PROVIDED MATERIAL:
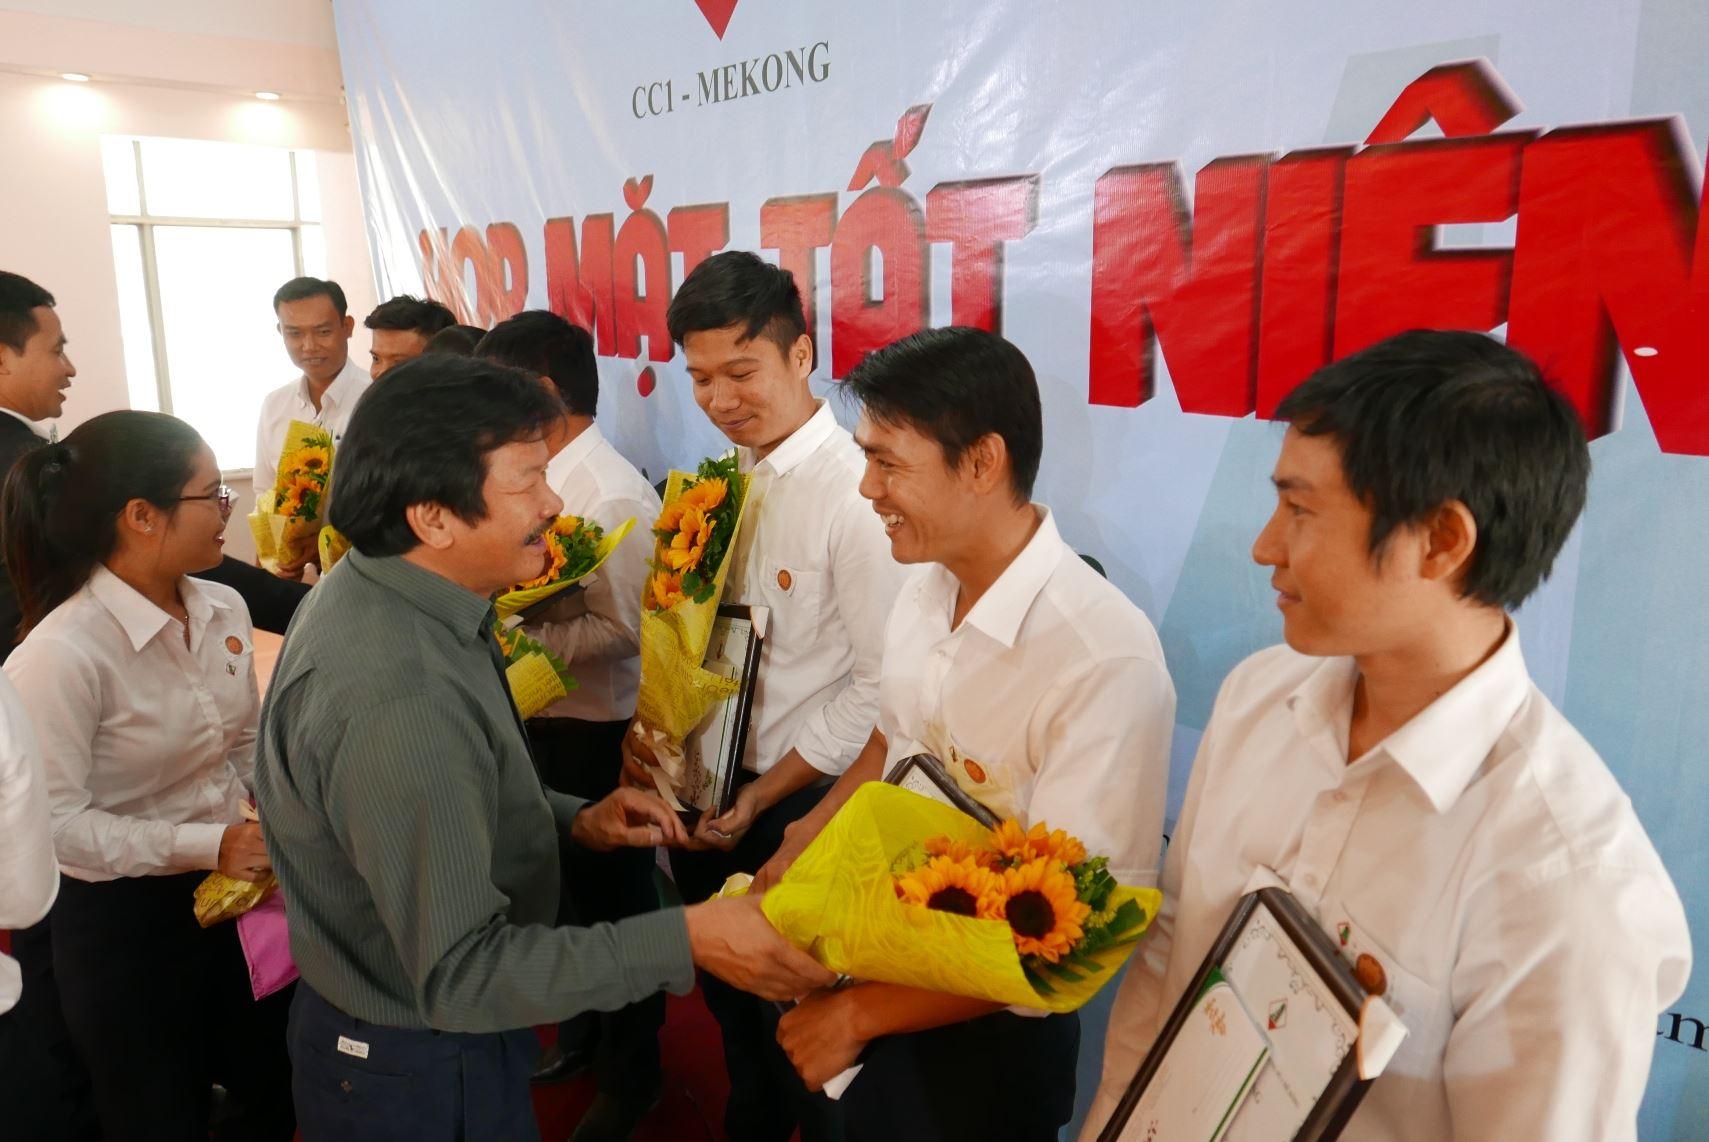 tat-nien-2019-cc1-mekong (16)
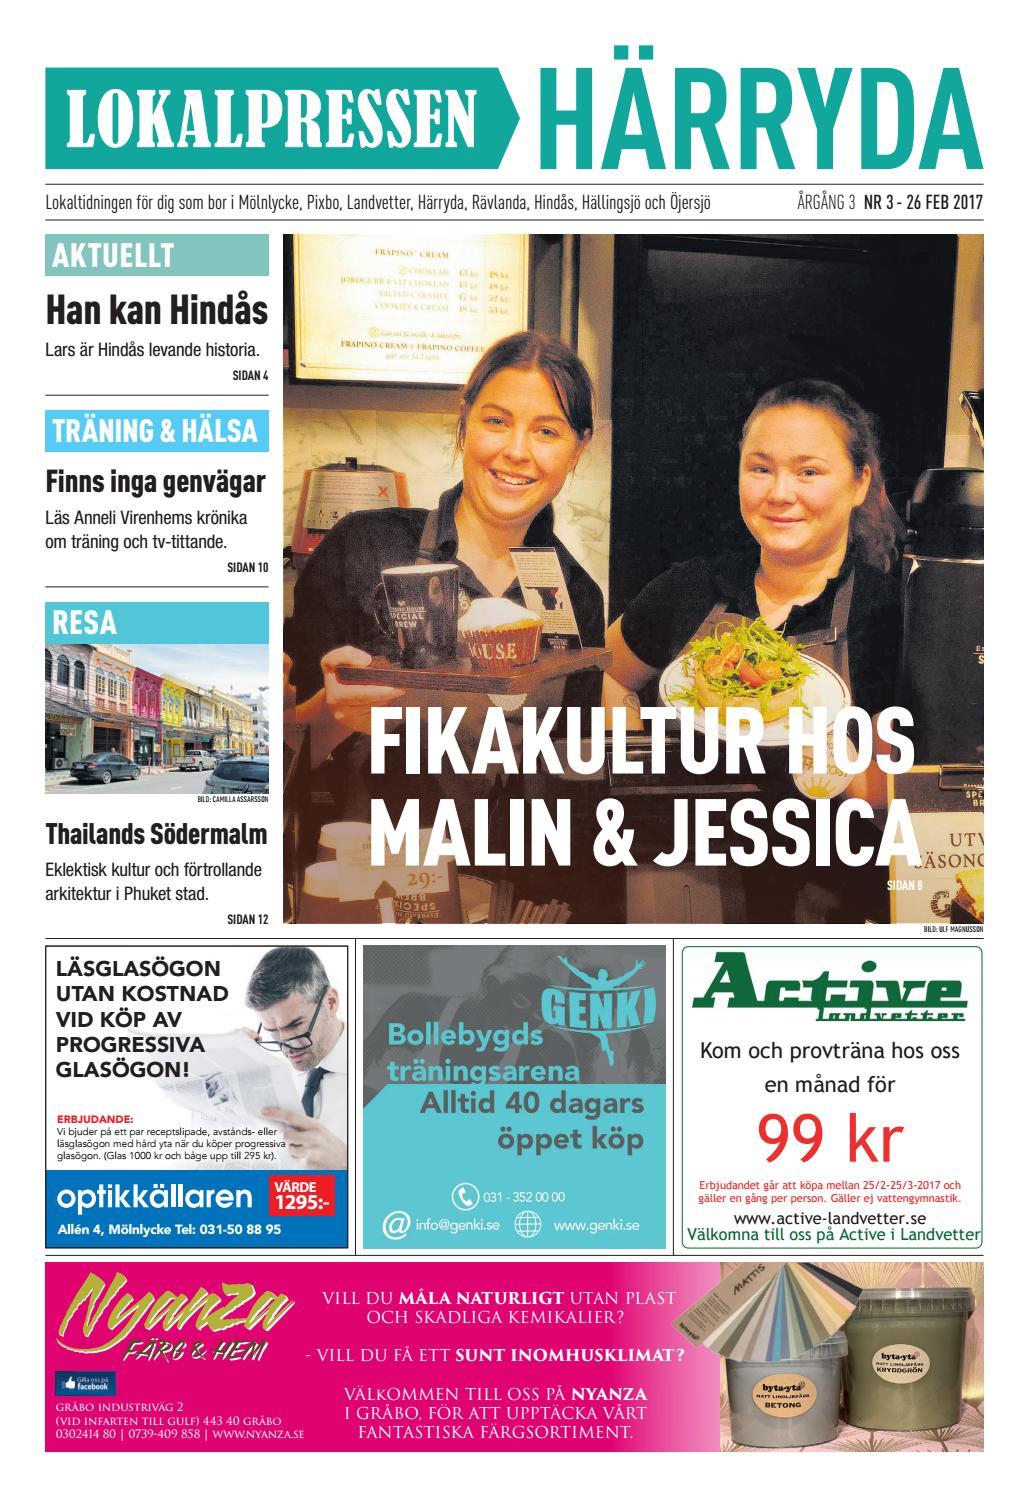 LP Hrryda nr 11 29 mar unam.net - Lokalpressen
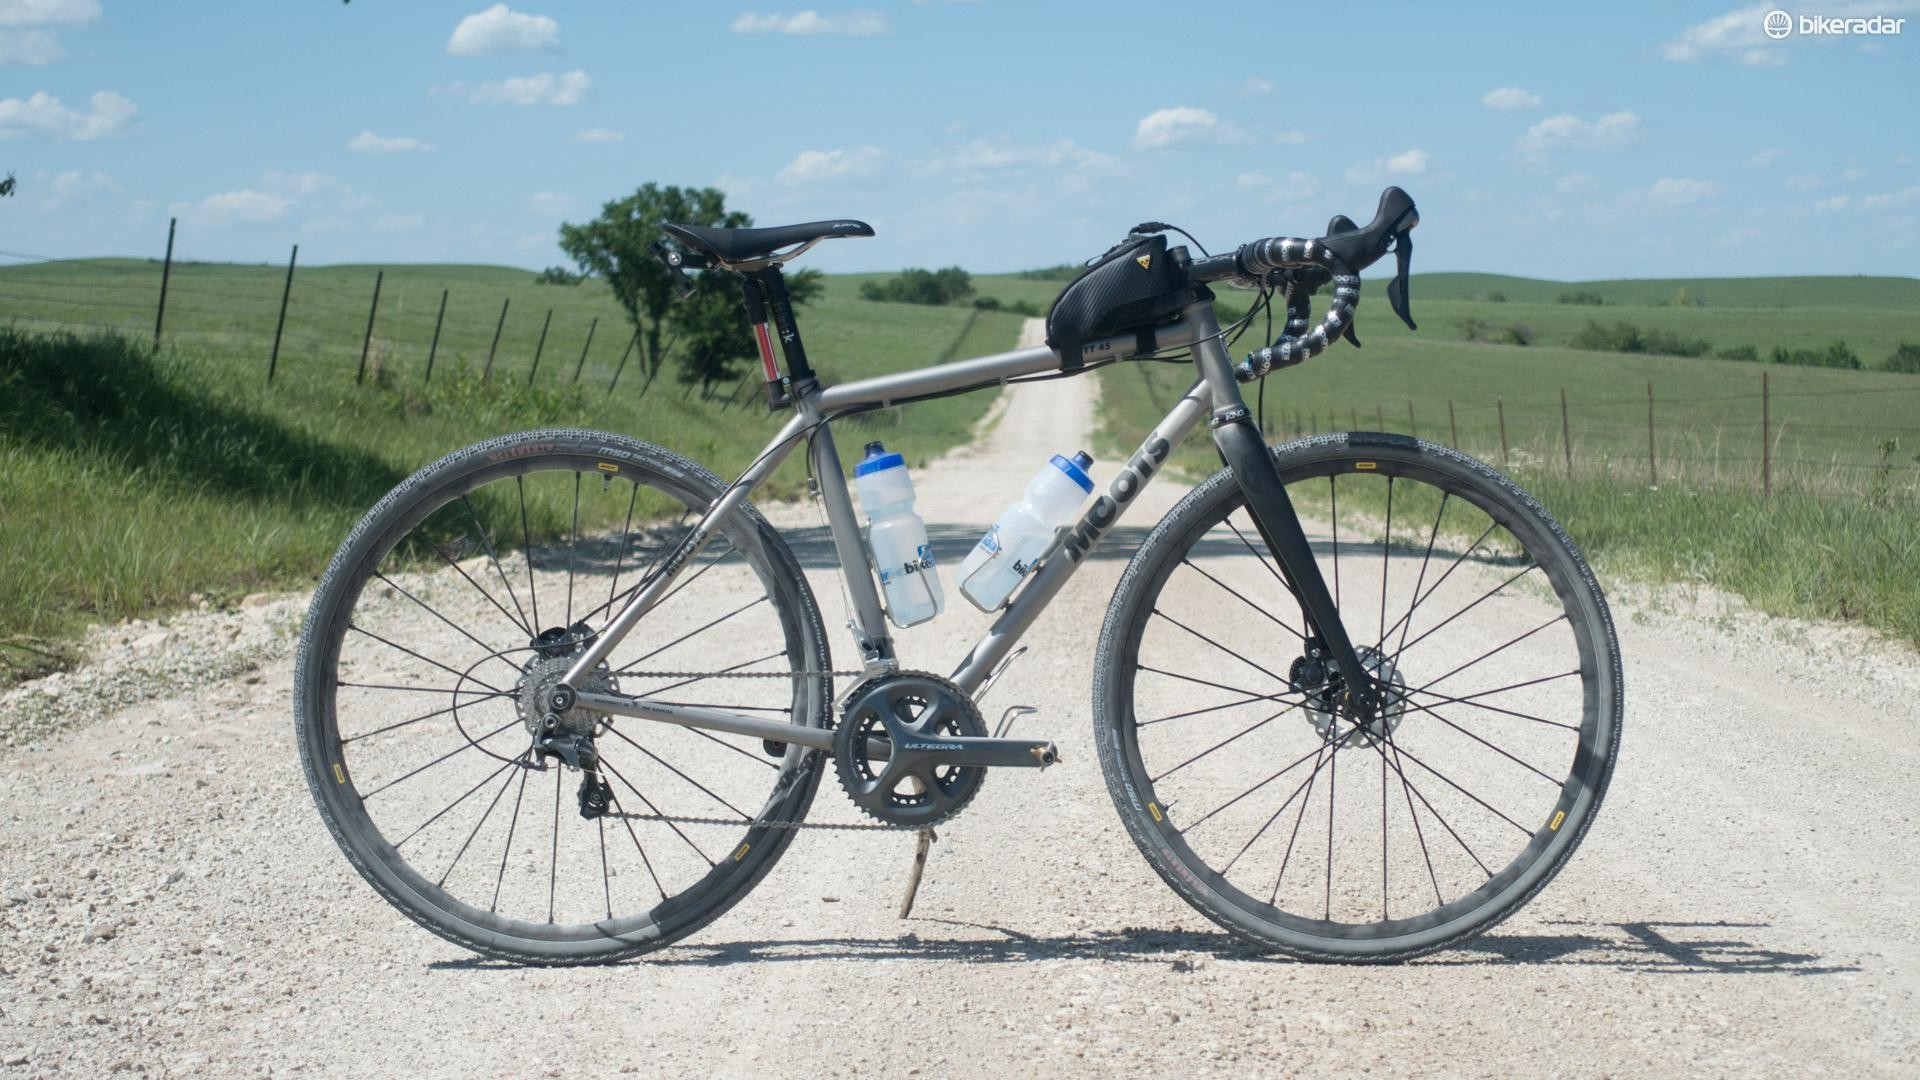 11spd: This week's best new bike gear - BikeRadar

WHAT YOU WILL DO: Where pictures sit among the data above, omit them, and output the rest exactly.

TASK SOLUTION:
 tat-nien-2019-cc1-mekong (16)
 LP Hrryda nr 11 29 mar unam.net - Lokalpressen
 11spd: This week's best new bike gear - BikeRadar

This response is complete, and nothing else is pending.